- UCR -researchers Retrain AI models to keep security intact when trimmed to smaller units
- Changing the starting layer removes protection, retraining of recoveries blocked uncertain answers
- Examination using LLAVA 1.5 showed reduced models that were denied dangerous prompt after training
Researchers at the University of California, Riverside, address the problem of weakened security in open source artificial intelligence models when adapted to smaller devices.
Since these systems are trimmed to run effectively on phones, cars or other low -power hardware, they may lose the protective measures designed to prevent them from producing offensive or dangerous material.
The UCR team examined what happens when a model’s exit layer changes from its standard position.
Weakened safety ranks
Their results presented at the international conference on machine learning in Vancouver, Canada, showed that the security guards are weakened when the starting point has been moved, even though the original model had been trained not to provide harmful information.

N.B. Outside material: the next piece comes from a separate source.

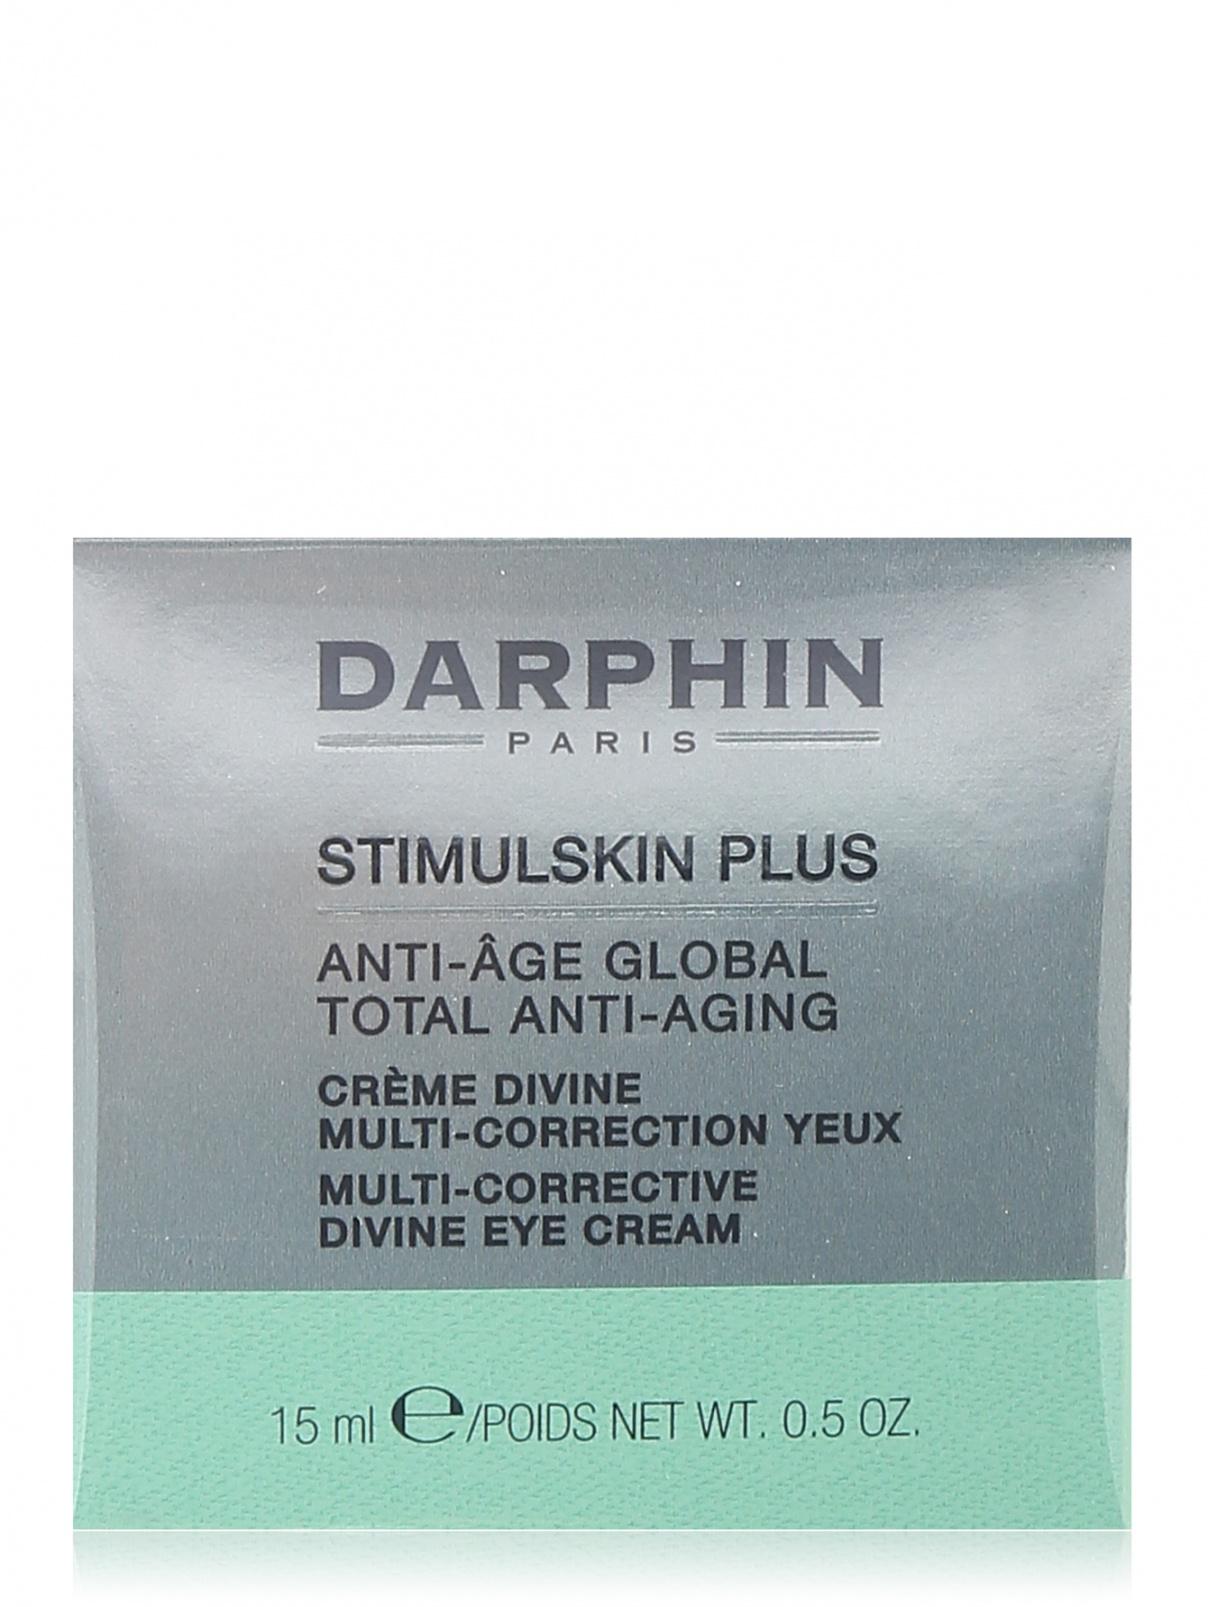 Крем для глаз 15 мл Multi-corrective Divine Stimulskin Darphin  –  Общий вид

The reason models are adjusted in this way is simple. Leaving earlier makes the inference faster and more efficient as the system skips the layers. But these jumped layers may have been critical of filtering unsafe requests.
“Some of the leap layers turn out to be important to prevent insecure output,” said the AMIT ROY-CHOWDHUY, professor of electric and computer technology and senior author of the study. “If you leave them out, the model may start answering questions it shouldn’t.”

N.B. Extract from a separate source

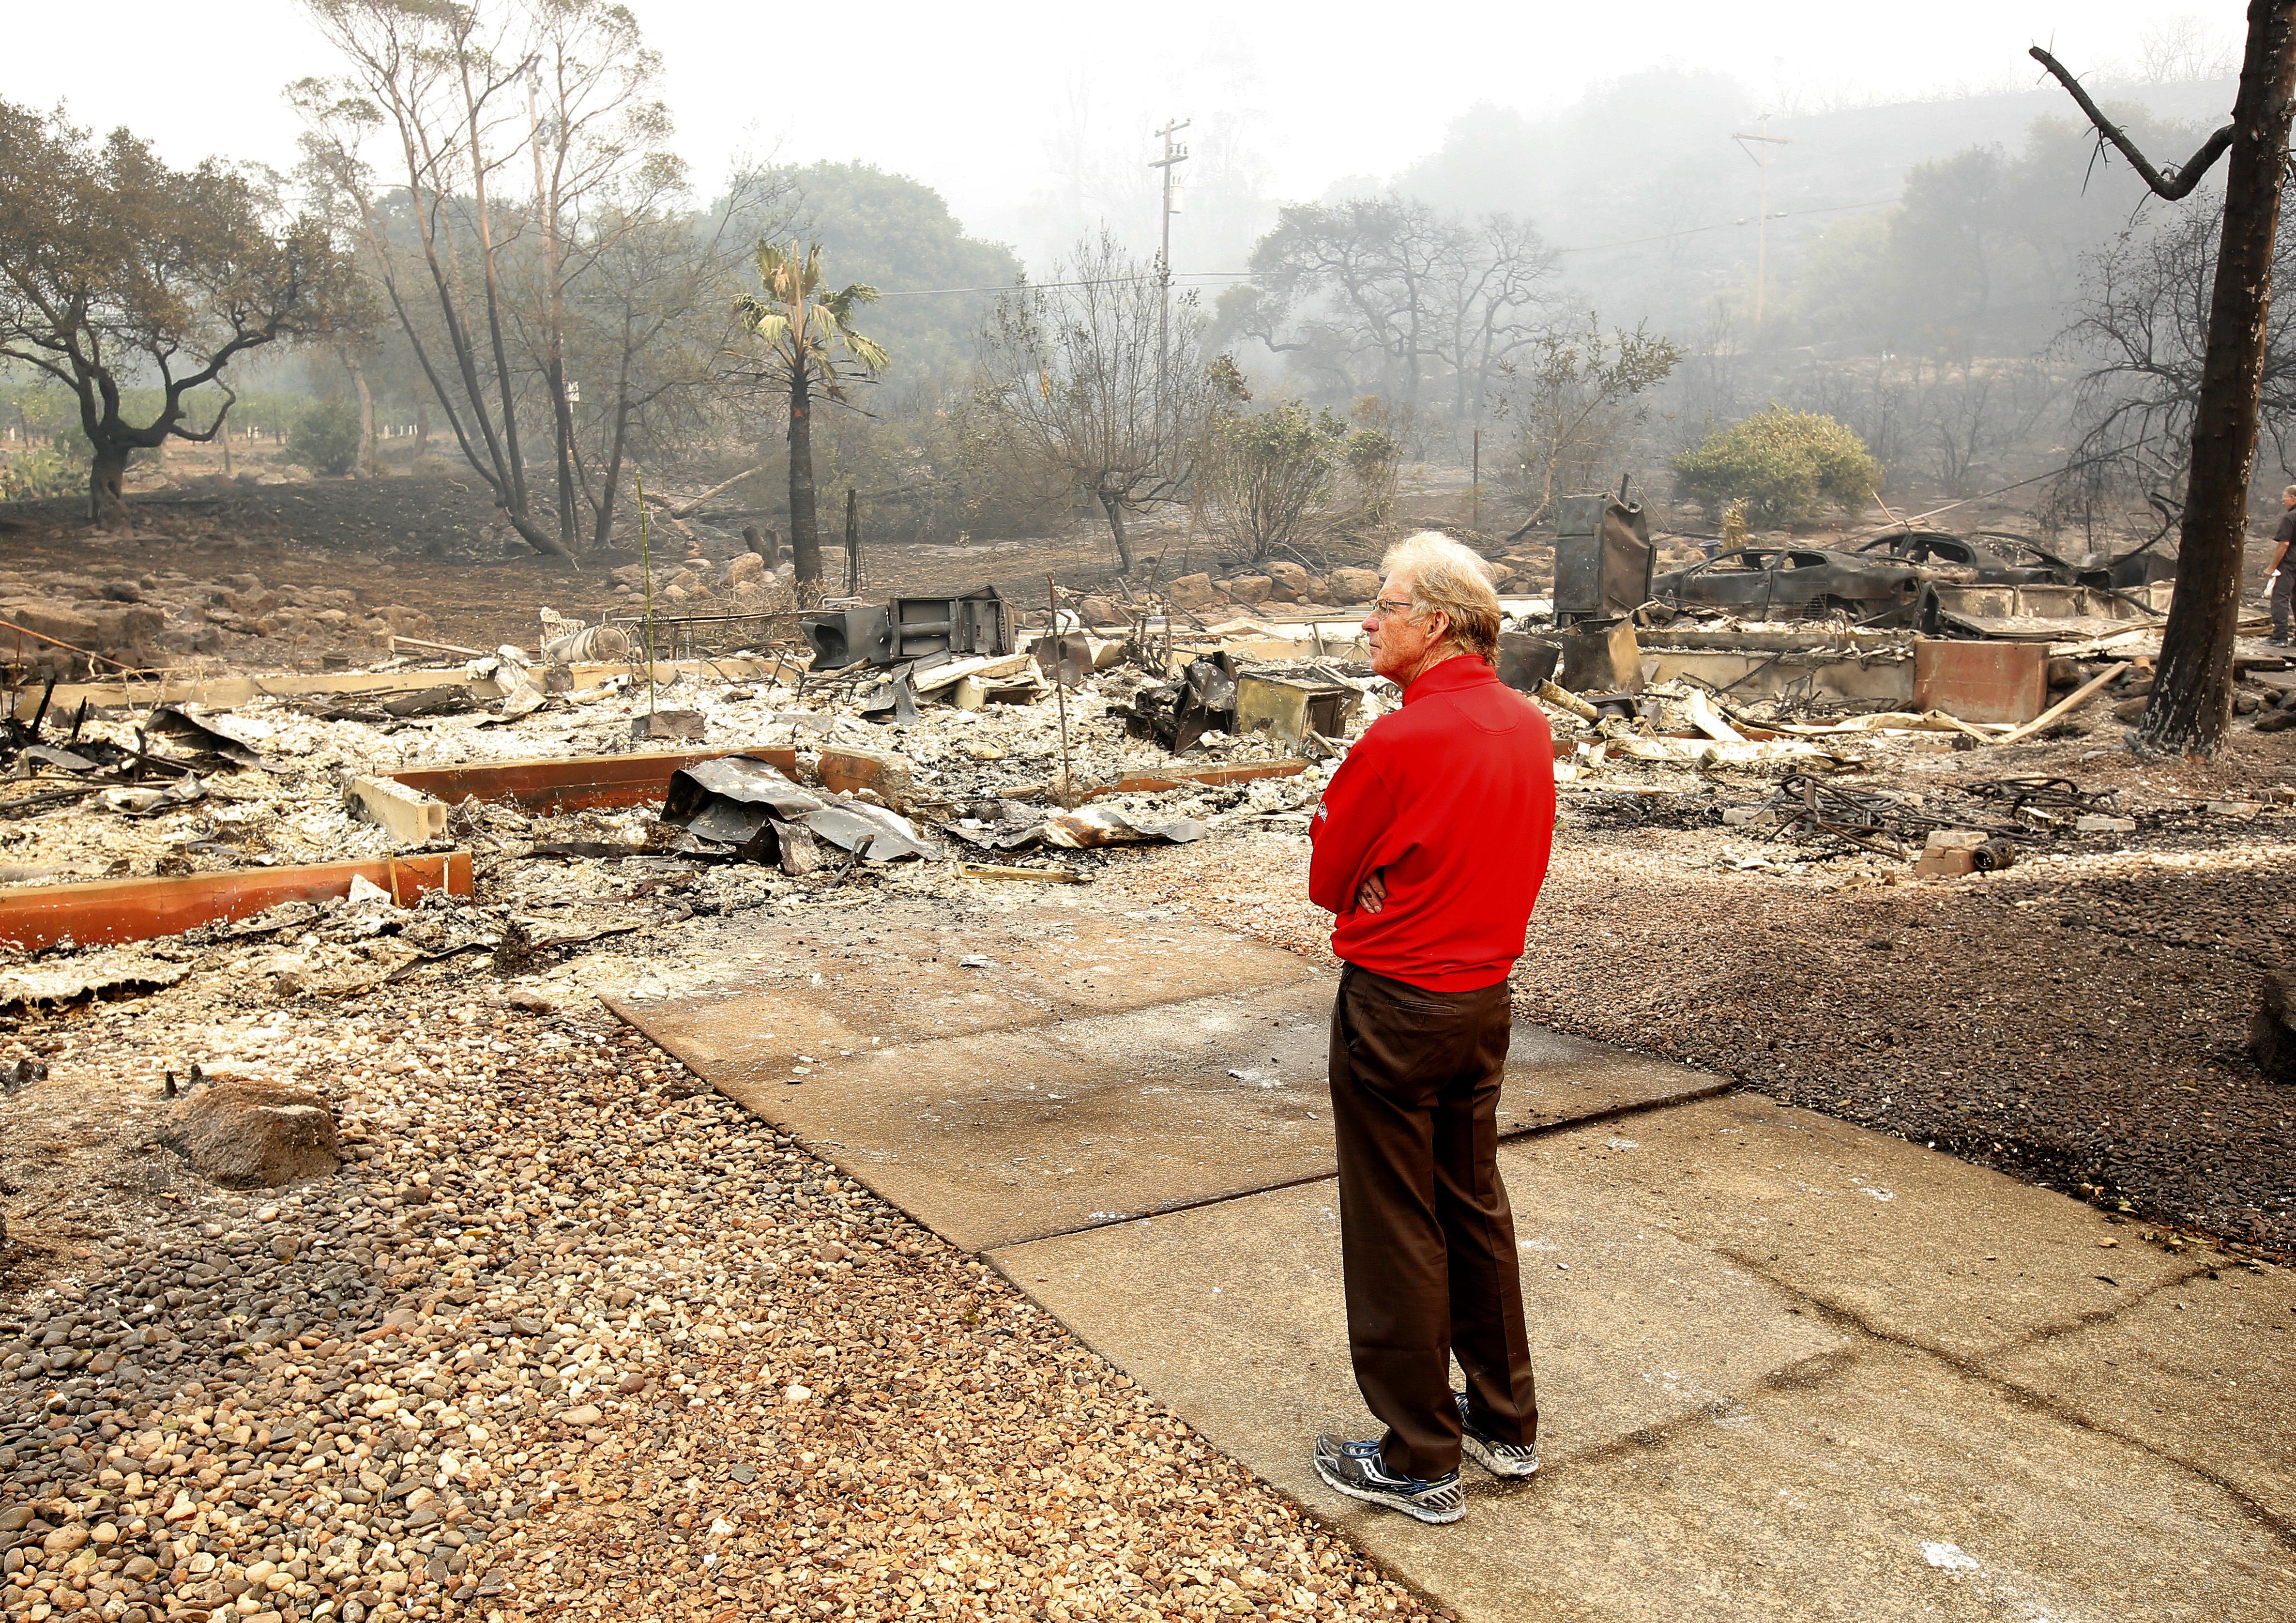 Mike Rippey看著爸媽的家已成灰燼, 他100歲的爸爸Charles Rippey和98歲的媽媽 Sara,在納帕這場大火中,因無法逃離而與家園同歸於「燼」。(美聯社)

To solve this, the researchers retrained the model’s internal structure to maintain the ability to identify and block uncertain material even when trimmed.
This approach does not involve external filters or software spots, but changes how the model interprets dangerous input.

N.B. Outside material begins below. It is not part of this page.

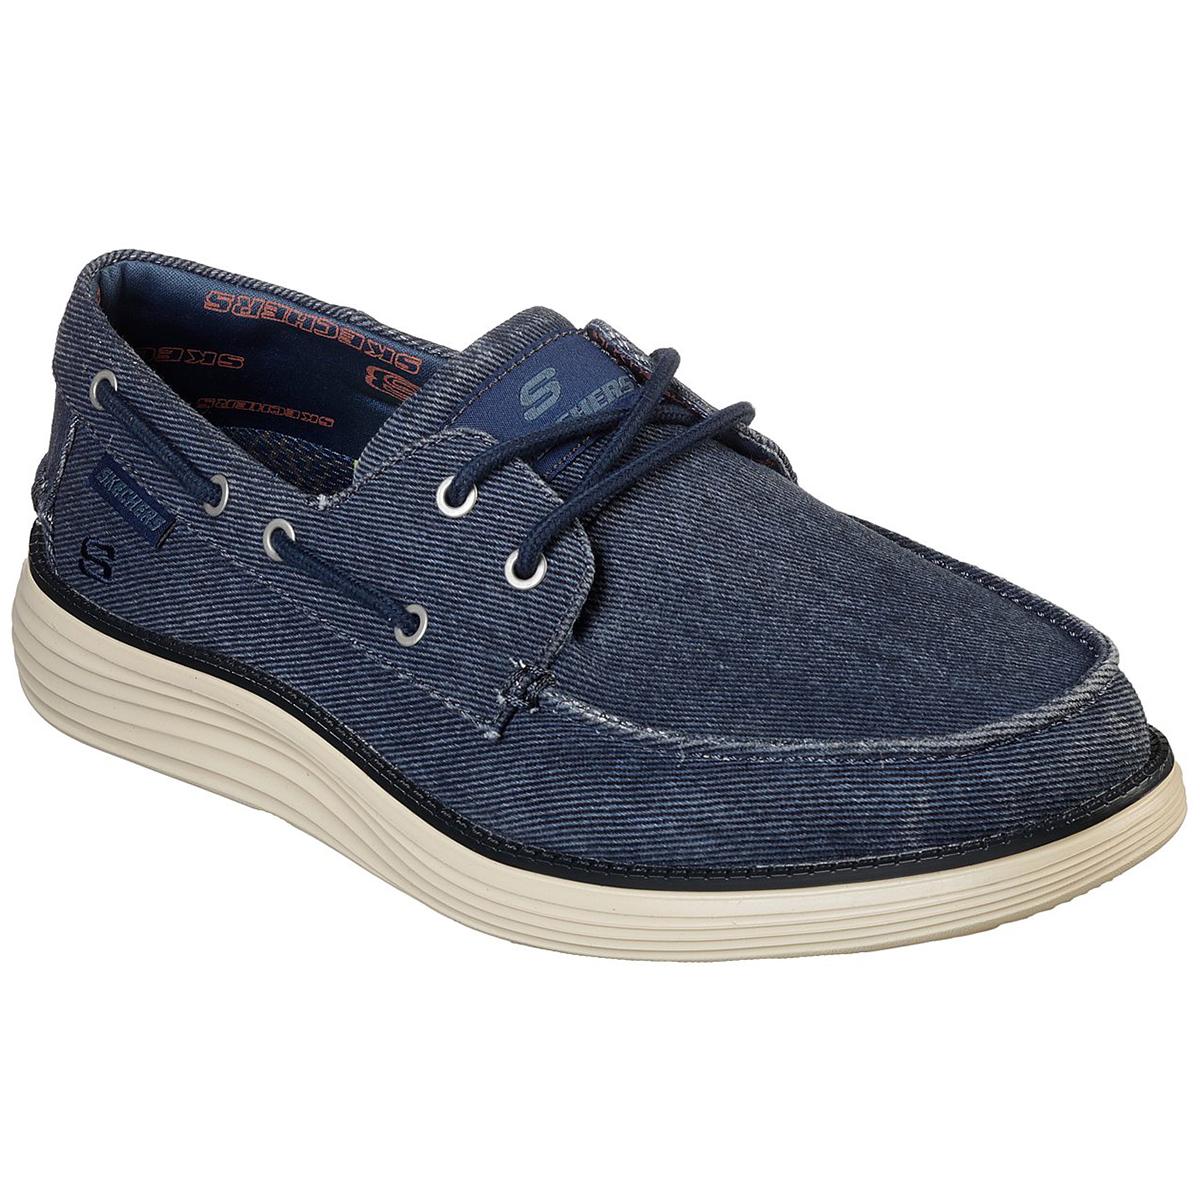 Skechers Men's Status 2.0 Lorano Moc Toe Canvas Shoes - Blue, 9.5

“Our goal was to ensure that the model does not forget how to behave safely when it has been slimmed down,” said Saketh Bachu, UCR student and co-lead author of the study.
The team tested their method on LLAVA 1.5, a vision language model.
When its exit layer was moved earlier than intended, the system responded to harmful prompts, including detailed bomb making instructions.
After retraining, the reduced model consistently refused to give uncertain answers.
“This is not about adding filters or external railings,” Bachu said.
“We change the model’s internal understanding so that it is by default on good behavior, even when it has been changed.”
Bachu and Co-Lead writer Erfan Shayegani called the work “benevolent hacking”, a way of strengthening the models before utilizing vulnerabilities.
“There is still more work to do,” Roy-Chowdhury said. “But this is a concrete step towards developing AI in a way that is both open and responsible.”